:: ABOUT THIS TASK ::
Extract only the lines running from the top of the entries to the line that holds "A person holding". Include that line and omit the pictures.

(Stored items)
..........

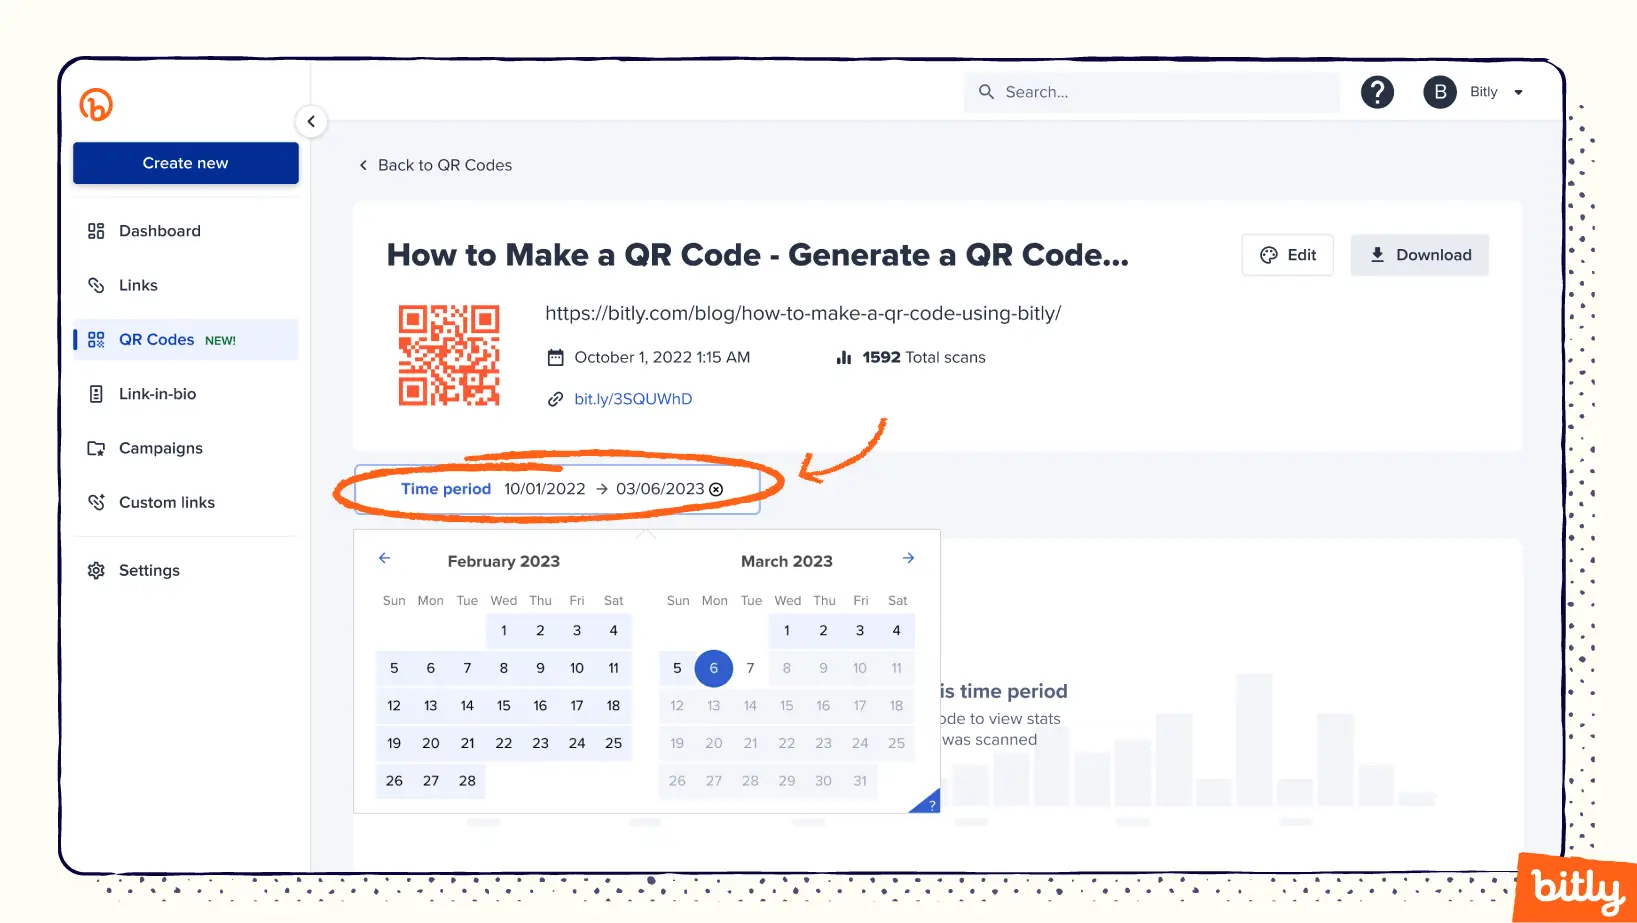 The time period section of the Bitly QR Code analytics page allowing you to input a date range for analysis.
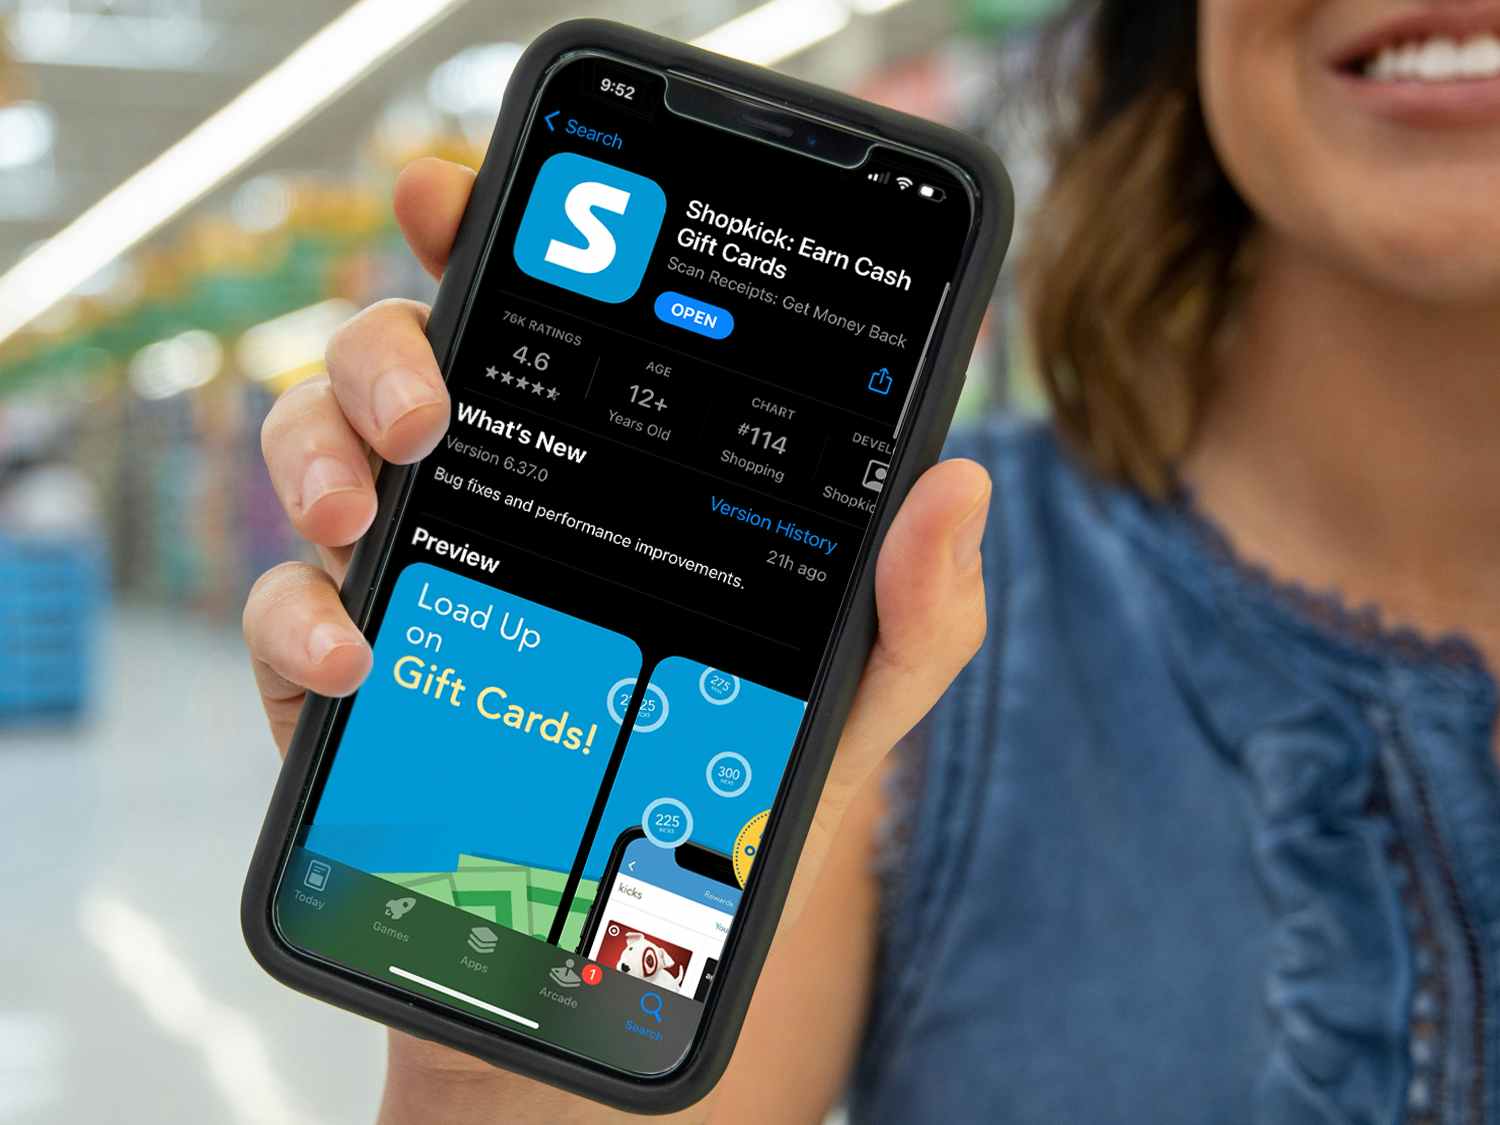 A person holding their phone up in a store, showing the app store download screen for Shopkick
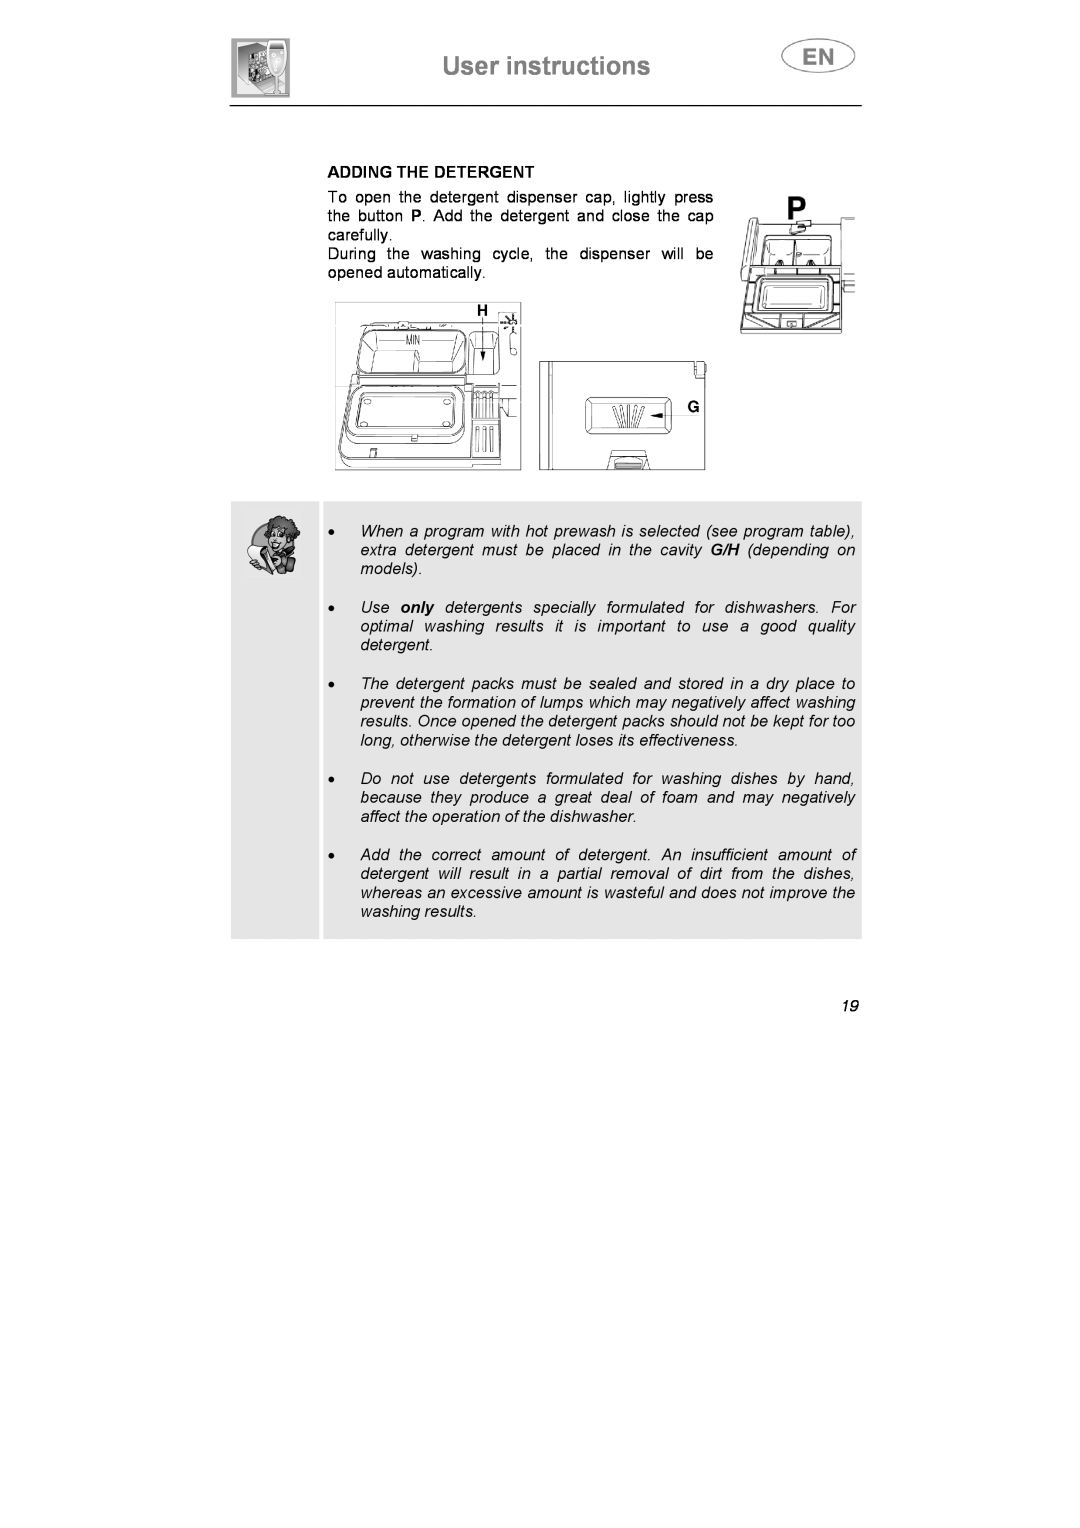 Smeg STA645Q User instructions, Adding The Detergent, During the washing cycle, the dispenser will be opened automatically 
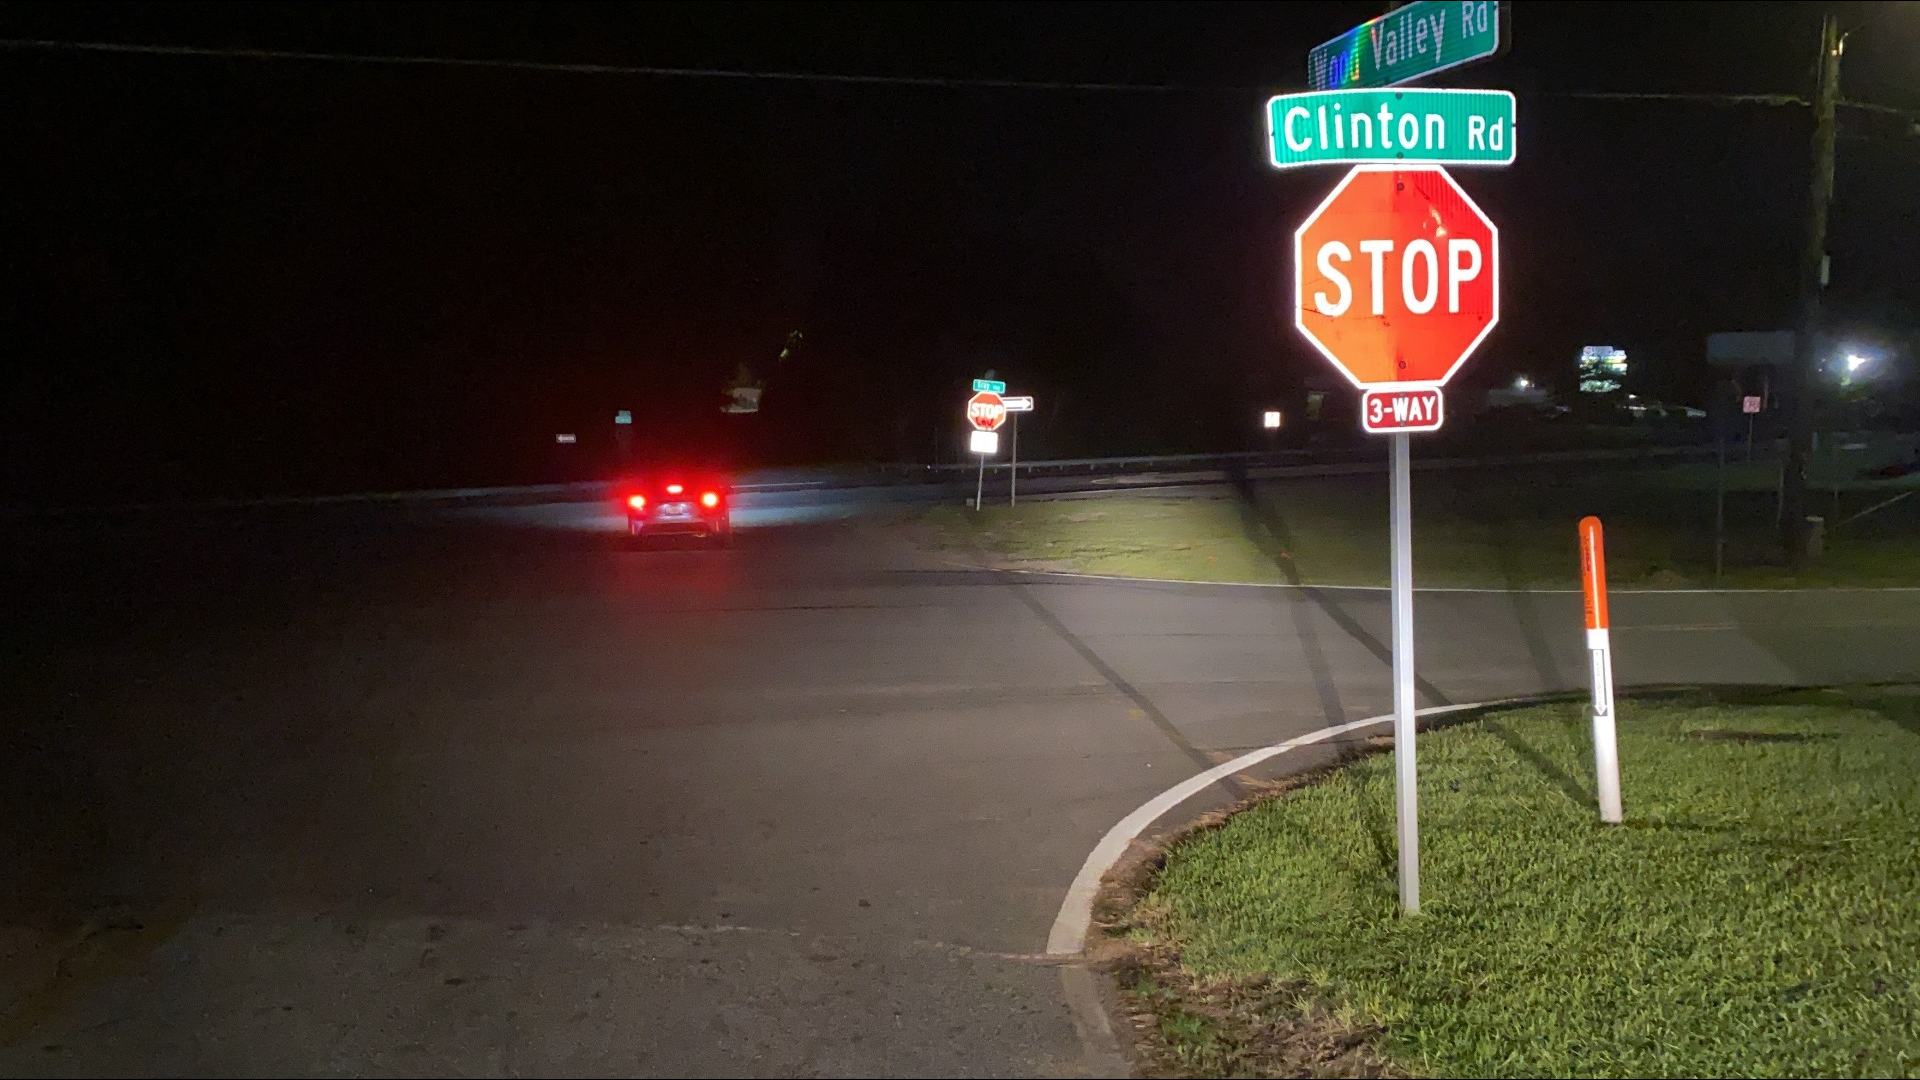 65-year-old Irene Stubbs was hit and killed on the 2000 block of Old Clinton Road just before 9:30 p.m. Friday.
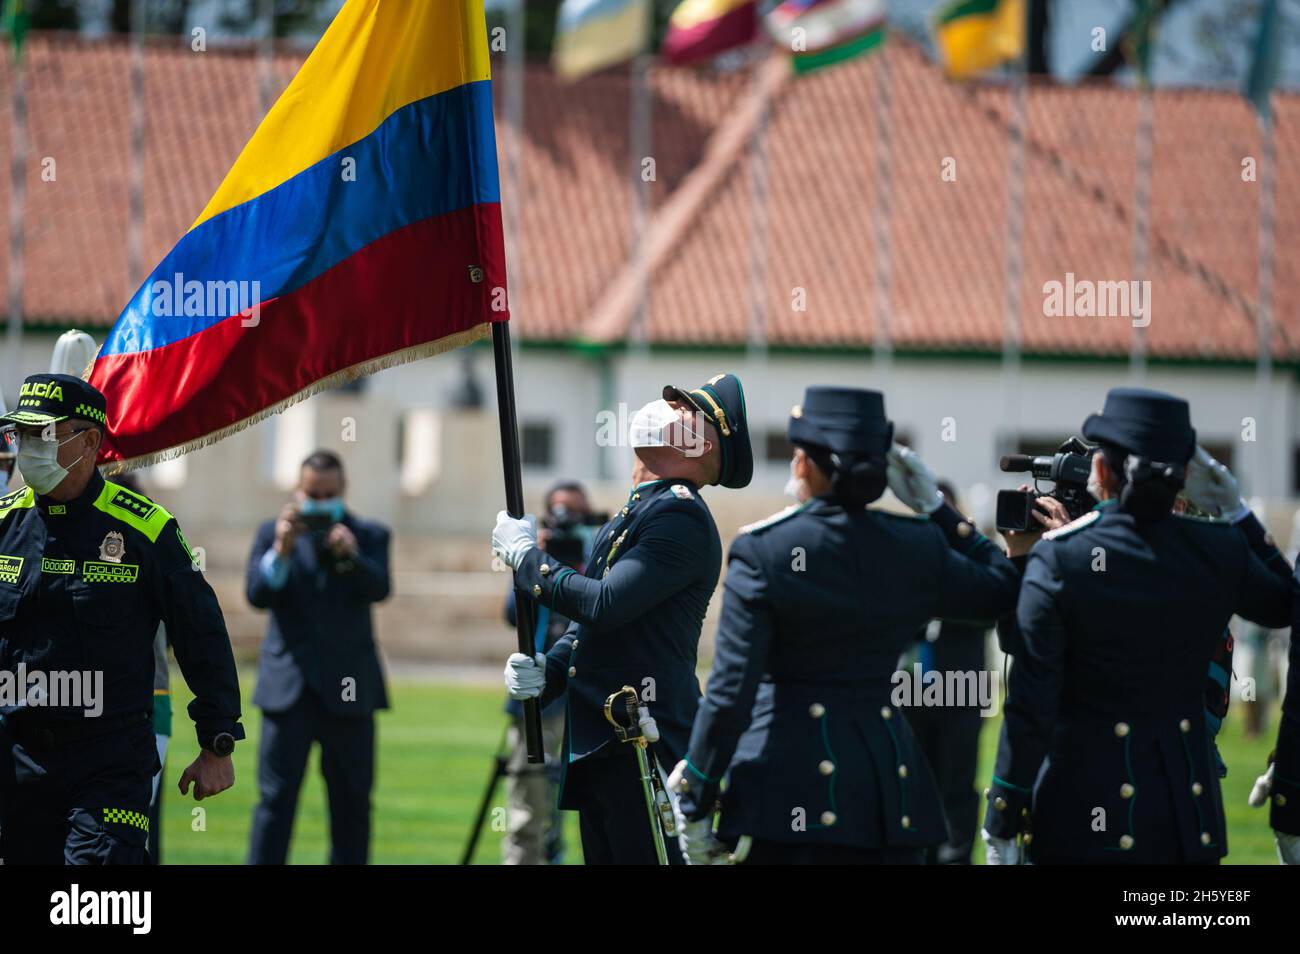 Bogota, Colombia. 11th Nov, 2021. Colombia's president Ivan Duque Marquez carries a Colombian flag and hands it to a officer during an event were Colombia's president Ivan Duque Marquez and Colombia's Minister of Defense Diego Molano in conmmemoration of the 130 anniversary of Colombia's National Police and the promotion to officers to more than a 100 police members, in Bogota, Colombia on November 11, 2021. Credit: Long Visual Press/Alamy Live News Stock Photo

..........

:: YOUR SOLUTION ::
 The time period section of the Bitly QR Code analytics page allowing you to input a date range for analysis.
 A person holding their phone up in a store, showing the app store download screen for Shopkick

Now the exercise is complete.